- [WHAT YOU WILL DO]: Transcribe nothing except the lines below that run from the one with "4chan Amateur Lesbian" to the one with "Hand holding a", ends included, and do not copy any picture.

- [SUPPLIED DATA]:
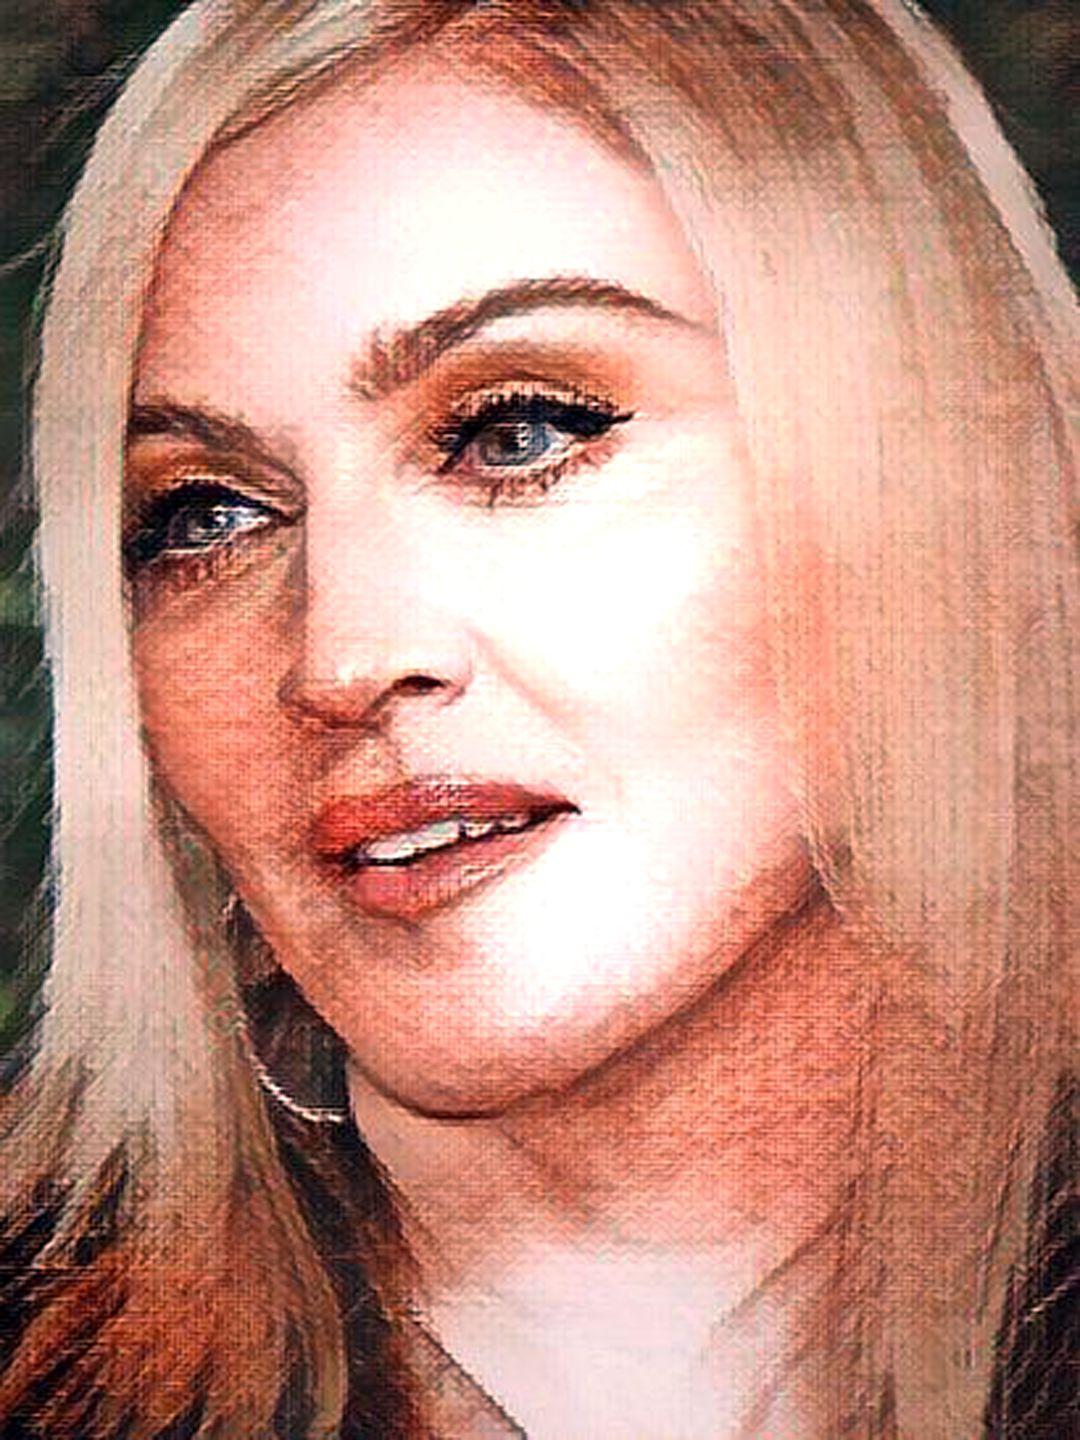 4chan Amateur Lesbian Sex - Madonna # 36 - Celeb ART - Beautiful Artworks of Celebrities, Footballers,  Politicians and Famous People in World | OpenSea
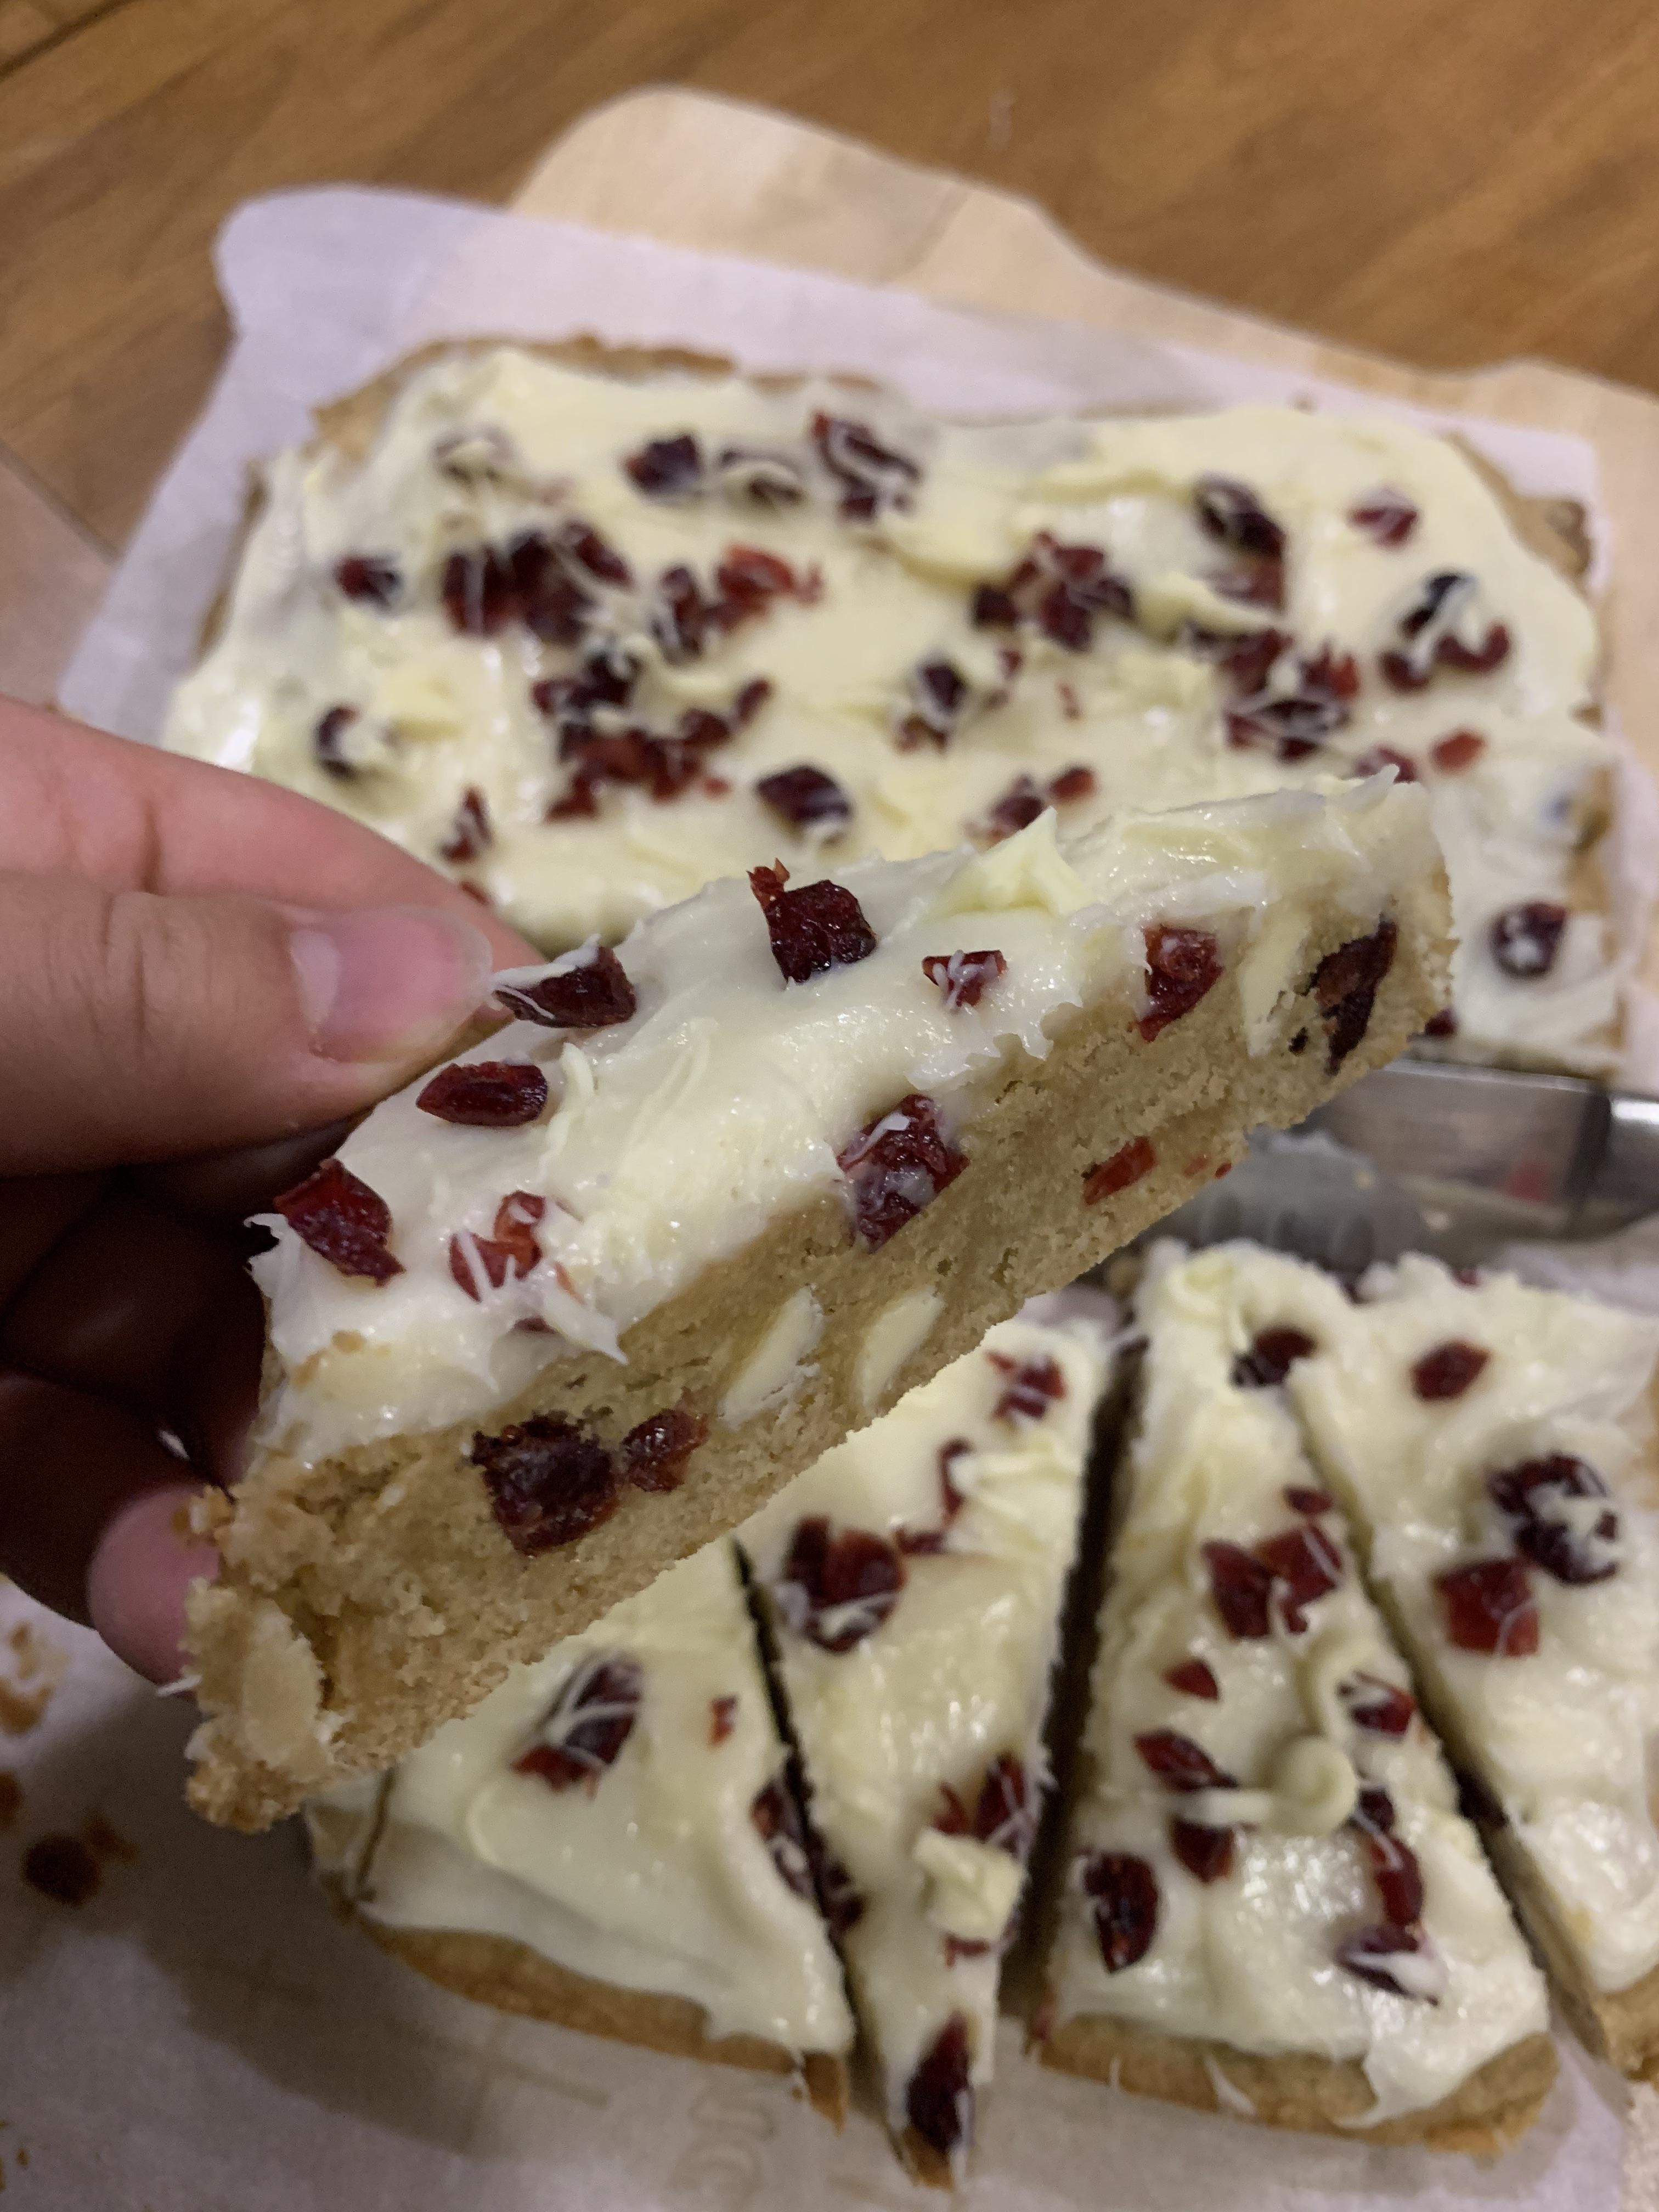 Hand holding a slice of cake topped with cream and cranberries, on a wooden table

...

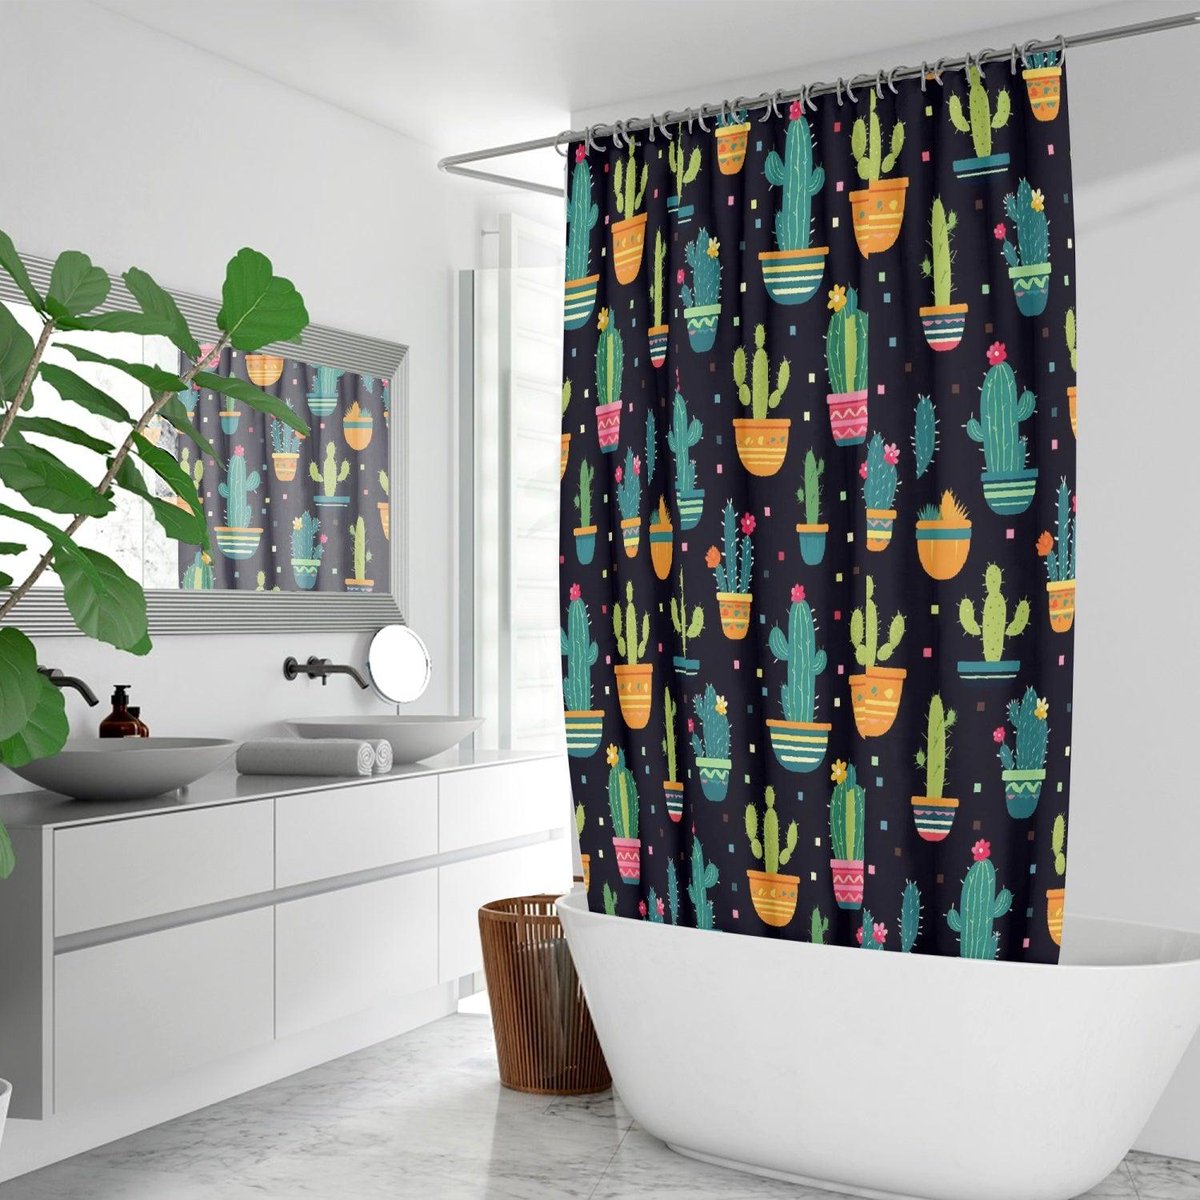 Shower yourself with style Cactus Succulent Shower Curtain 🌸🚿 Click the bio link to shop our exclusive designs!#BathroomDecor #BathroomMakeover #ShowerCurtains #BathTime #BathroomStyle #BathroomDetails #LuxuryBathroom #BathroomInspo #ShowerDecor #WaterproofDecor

- [ANSWER BOX]:
 4chan Amateur Lesbian Sex - Madonna # 36 - Celeb ART - Beautiful Artworks of Celebrities, Footballers,  Politicians and Famous People in World | OpenSea
 Hand holding a slice of cake topped with cream and cranberries, on a wooden table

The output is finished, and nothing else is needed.